這部分有蠻多細節要處理,像是深度取值的方式,還有座標定義等等。
例如 OpenCV 的 XY 座標是以左上為原點,單位是像素。
DepthAI 的 XYZ 座標則是以相機中心為右手坐標系的原點,單位是毫米。
也別忘記相機本身的理想深度量測距離,如 OAK-D 是 70cm ~ 12m。
Learn More →
底下代碼除了基本深度處理,因為 OAK-D 常運行中當機,也開了例外處理去自動重開。要使用的話建議大部分代碼都要看懂,再自己調整參數。
#usage: python3 spatial.py
import depthai as dai
import cv2
import time
# Path to the .blob file
BLOB_PATH = "model/best.blob"
# Label texts
labelMap = [
"pongballs"
]
# Configuration parameters
ENABLE_GUI_CV = True
ENABLE_GUI_DEPTH = False
ENABLE_PRINT = True
ENABLE_CONFIDENCE = False
# Single color for bounding boxes
COLOR = (0, 255, 0) # Green
def create_pipeline():
# Create pipeline
pipeline = dai.Pipeline()
# Create color camera node
camRgb = pipeline.create(dai.node.ColorCamera)
camRgb.setPreviewSize(640, 640)
camRgb.setResolution(dai.ColorCameraProperties.SensorResolution.THE_1080_P)
camRgb.setInterleaved(False)
camRgb.setColorOrder(dai.ColorCameraProperties.ColorOrder.BGR)
# Create mono camera nodes
monoLeft = pipeline.create(dai.node.MonoCamera)
monoRight = pipeline.create(dai.node.MonoCamera)
monoLeft.setResolution(dai.MonoCameraProperties.SensorResolution.THE_400_P)
monoRight.setResolution(dai.MonoCameraProperties.SensorResolution.THE_400_P)

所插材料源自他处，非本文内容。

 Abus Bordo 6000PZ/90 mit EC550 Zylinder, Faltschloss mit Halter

monoLeft.setBoardSocket(dai.CameraBoardSocket.CAM_B)
monoRight.setBoardSocket(dai.CameraBoardSocket.CAM_C)
# Create stereo depth node
stereo = pipeline.create(dai.node.StereoDepth)

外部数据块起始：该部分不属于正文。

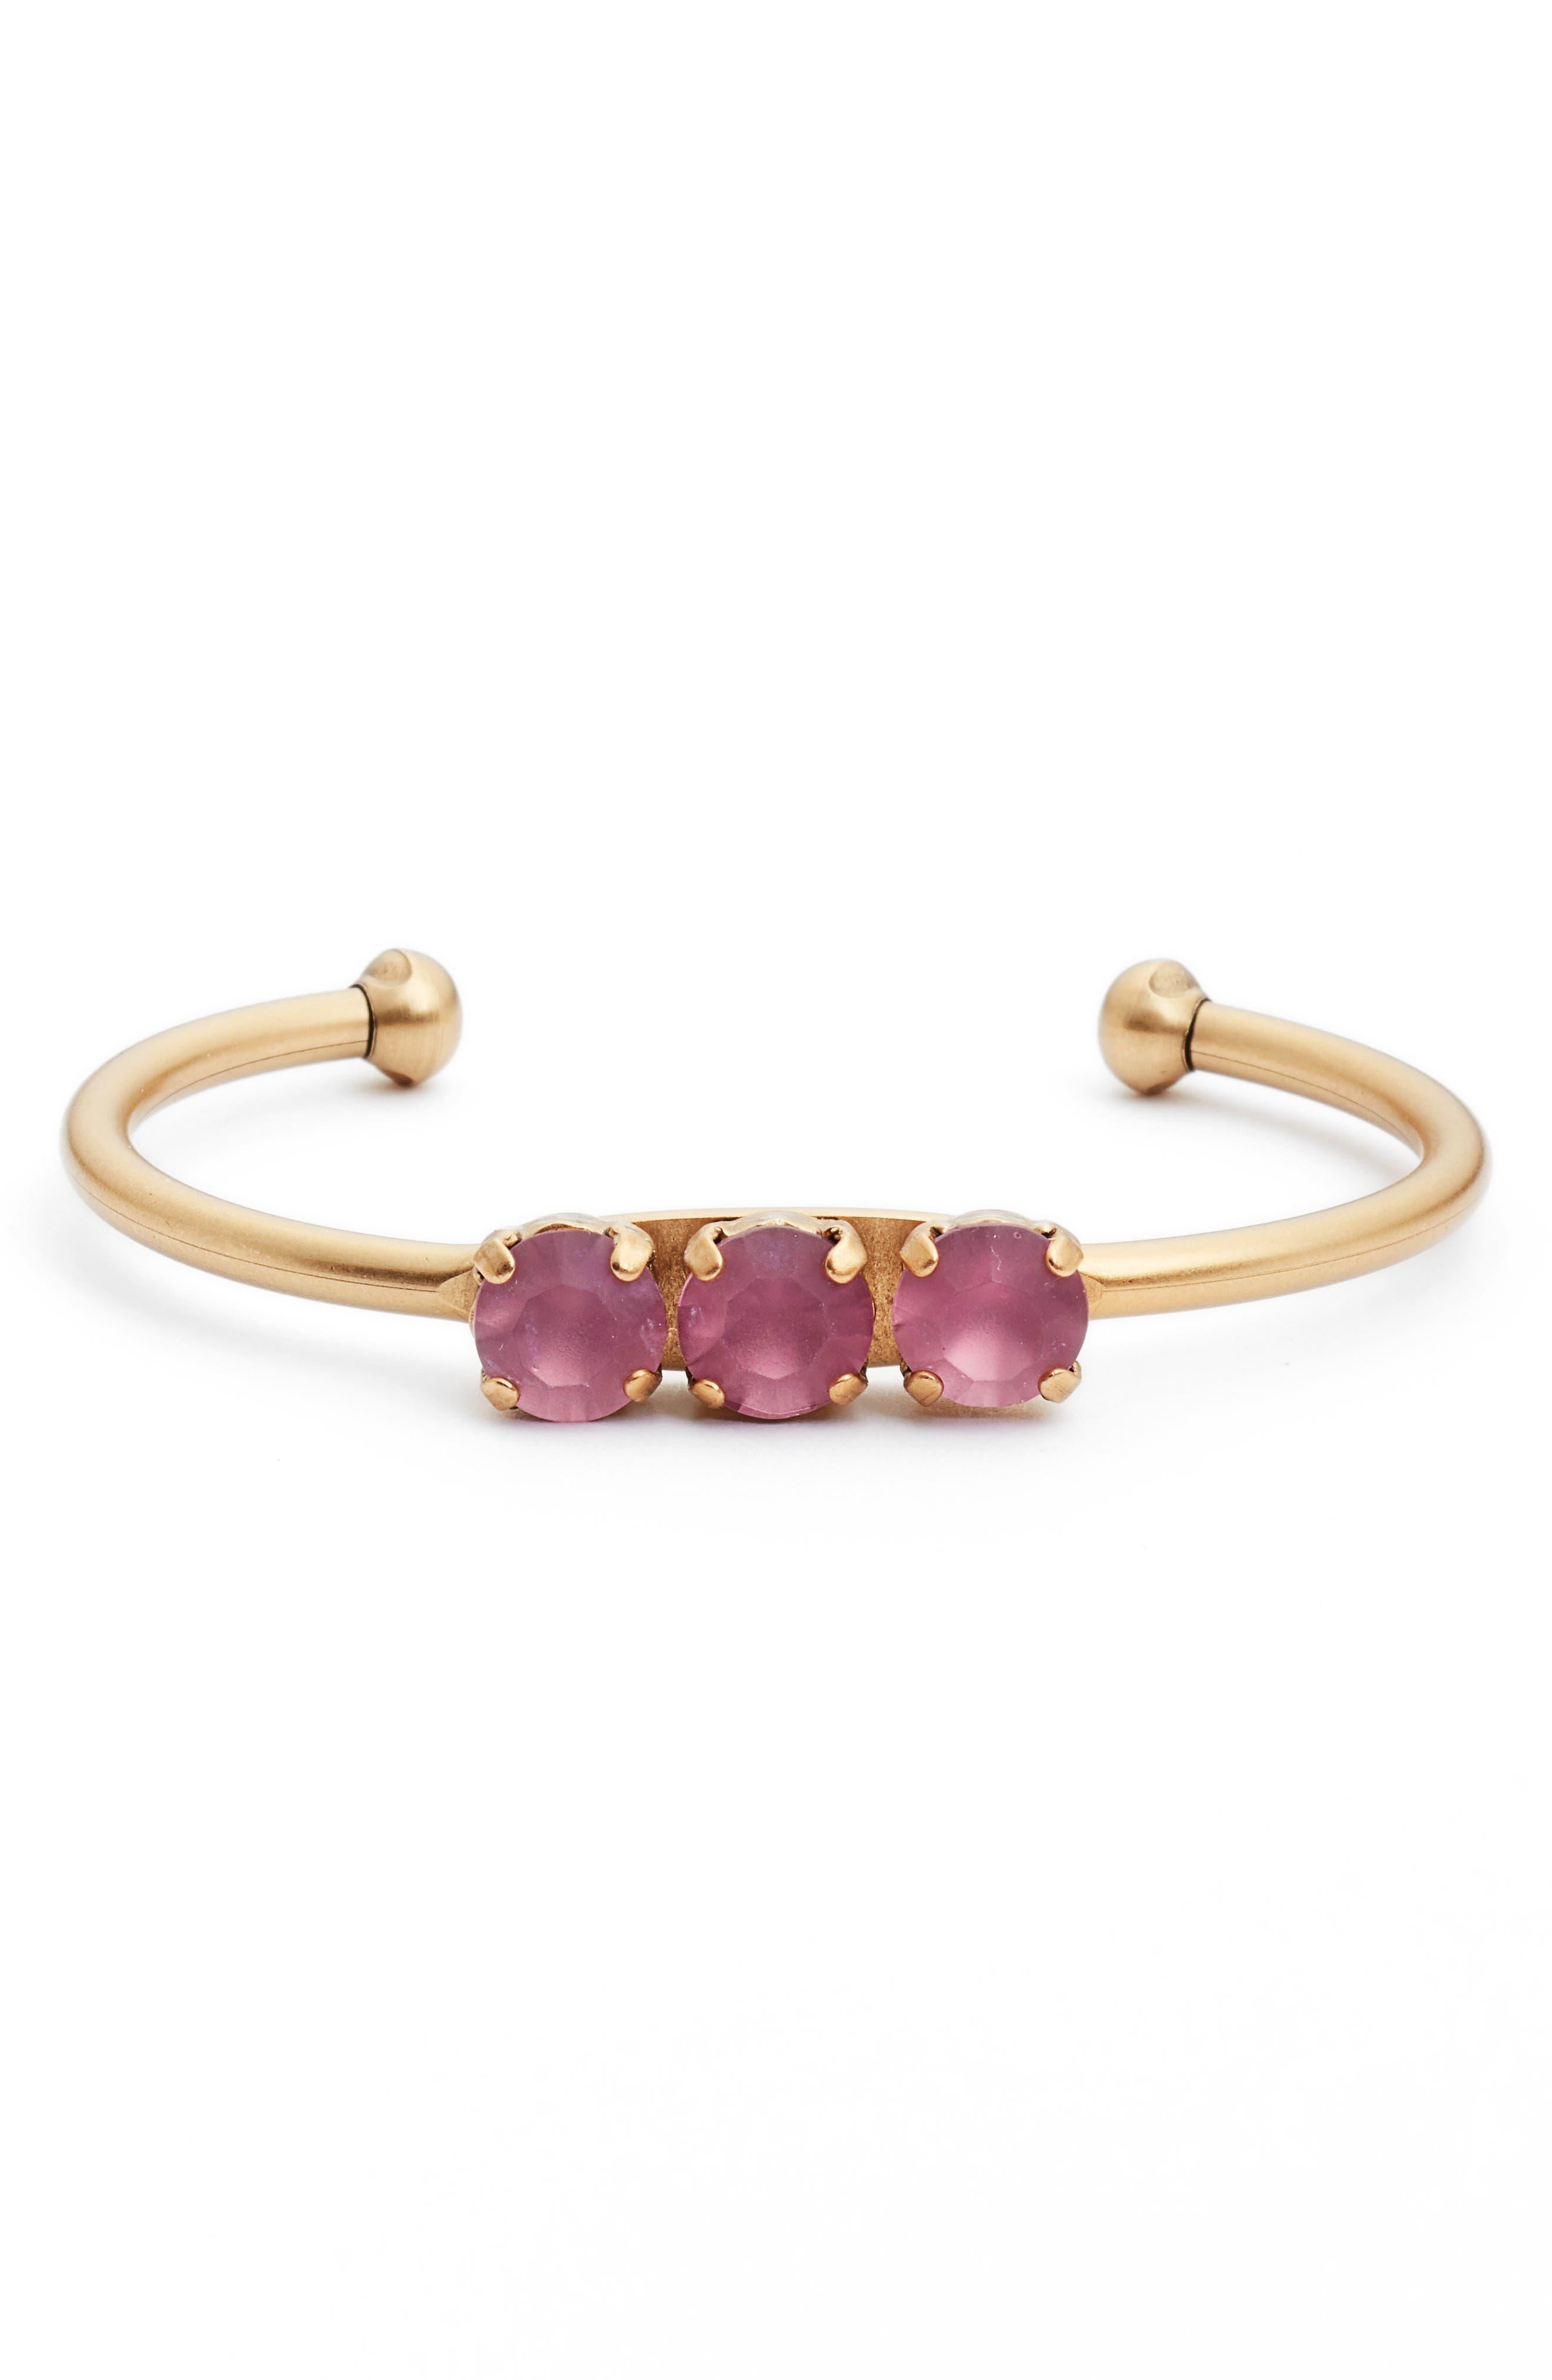 Loren Hope Rosalie Crystal Cuff Bracelet

stereo.setDefaultProfilePreset(dai.node.StereoDepth.PresetMode.HIGH_DENSITY)
stereo.setDepthAlign(dai.CameraBoardSocket.CAM_A)

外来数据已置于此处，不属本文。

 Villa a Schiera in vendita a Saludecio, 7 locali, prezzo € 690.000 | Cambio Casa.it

monoLeft.out.link(stereo.left)
monoRight.out.link(stereo.right)
# Create YoloSpatialDetectionNetwork node
spatialDetectionNetwork = pipeline.create(dai.node.YoloSpatialDetectionNetwork)
spatialDetectionNetwork.setBlobPath(BLOB_PATH)
spatialDetectionNetwork.setConfidenceThreshold(0.5)
spatialDetectionNetwork.input.setBlocking(True)
spatialDetectionNetwork.setBoundingBoxScaleFactor(0.4)
spatialDetectionNetwork.setDepthLowerThreshold(20)
spatialDetectionNetwork.setDepthUpperThreshold(5000)
# Yolo specific parameters
spatialDetectionNetwork.setNumClasses(1)
spatialDetectionNetwork.setCoordinateSize(4)
spatialDetectionNetwork.setAnchors([10,14, 23,27, 37,58, 81,82, 135,169, 344,319])
spatialDetectionNetwork.setAnchorMasks({ "side26": [1,2,3], "side13": [3,4,5] })
spatialDetectionNetwork.setIouThreshold(0.5)
# Set spatial calculation algorithm to MIN
## Average/mean: the average of ROI is used for calculation.
## Min: the minimum value inside ROI is used for calculation.
## Max: the maximum value inside ROI is used for calculation.
## Mode: the most frequent value inside ROI is used for calculation.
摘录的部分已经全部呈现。